Click on it to open, and you’ll presented with a slightly different looking screen than you’re used to. It’s not a general view/list of records – it’s a static screen, with a grid of rules on the right:

The two settings on the left hand of the screen are really quite important. They are:

  • ‘Mask private agent data from the customer’. What this does is mask data that the agent is sending, for both the agent and the customer (ie the agent won’t be able to see the data either, even though they’re typing it). This applies for both live chat and async channel messages.
  • ‘Mask private customer data from the agent’. This will mask data that the customer is sending to the agent, for both the customer and the agent. This is only masked for live chats for both; when using async channels, it’s only masked for the agent interface (ie the customer will still be able to see the data)

Note: If only the first option is enabled, then if the customer types in data matching the masking rule, it will not be hidden, and vice-versa for the second option. It’s therefore vitally important to consider all of the relevant scenarios for the company, and apply these settings appropriately.
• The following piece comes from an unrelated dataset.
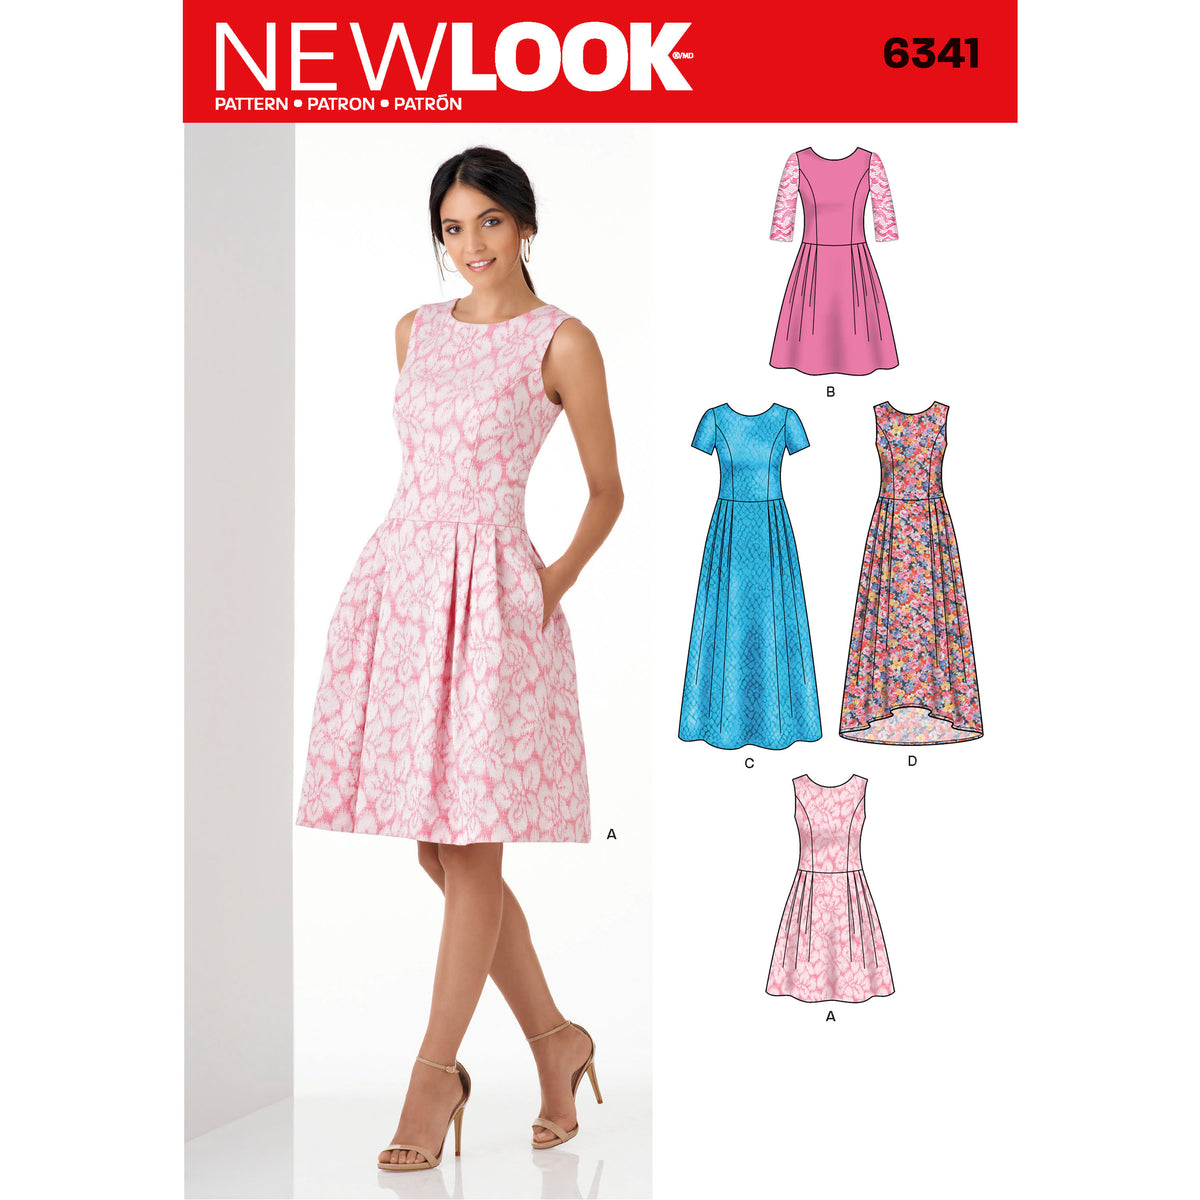 New Look Sewing Pattern 6341 - Pound Fabrics

Note: Data masking isn’t just through the chat interfaces – it’s also how the data is stored. So if you open up a transcript, or get to check the data within the database, it’s also masked there, which means that it’ll allow you to be fully compliant with everything! A side effect of this is that the sentiment analysis

There are 3 rules provided for you out of the box (in an inactive state). They are:

  • Credit Card: Masks the credit card number, if provided in a message.
  • Email: Masks the email address, if provided in a message.
  • SSN: Masks the SSN, if provided in a message.

Opening up one of these shows us how Microsoft is implementing these:

There’s the name (which you can put whatever you want to), and a description (which is always helpful and useful!). Then there’s the regular expression (I’m not going to go into details as to how to actually put these together – there are plenty of resources out there. Take a look at https://docs.microsoft.com/en-us/dotnet/standard/base-types/regular-expression-language-quick-reference as a starting point). The character used for masking can’t be changed (at this point in time – perhaps in the future they’ll allow this to be changed).
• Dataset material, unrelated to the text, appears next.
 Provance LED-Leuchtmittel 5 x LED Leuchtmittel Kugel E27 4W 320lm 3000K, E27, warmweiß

The really great thing from my perspective is the testing area on the right hand side of the form. Here you can input your text, and see if it actually matches the conditions for the regex (or not, as the case may be). This will allow tweaking of the regex etc:

Just please be aware that you need to click or tab out of the ‘enter test data’ field in order for the ‘masked test data’ value to update

Once you have a rule in place, save it, and click ‘Activate’! Otherwise the rule will be saved, but won’t actually work!

Now, remember that I mentioned above about the limit of only TEN data masking rules? Well, here’s a great little tip as to how to work around this, as there are many legitimate examples of needing many more than ten!

So how do you go about doing this? Well, it goes something like this:

  1. The ‘Regular Expression’ field is actually of type ‘Text’ (with it being ‘Single line of text’). This means that it can actually hold up to 4000 characters in it (according to https://docs.microsoft.com/en-us/dynamics365/customerengagement/on-premises/customize/types-of-fields )
  2. There’s a cute little character that exists – this is the ‘|’ character (also known as the pipe character)
  3. Using the pipe character, you can separate regex expressions, which will be evaluated separately
  4. Therefore you can ACTUALLY have multiple regex expressions in a single data masking rule!

Let’s see this is set up!

And now to see it through the actual interface:

So with this, though it might take a bit of time and testing (and double-checking, to make sure it’s working absolutely correctly, of course), it’s possible to have quite a lot of regex expressions for you to use!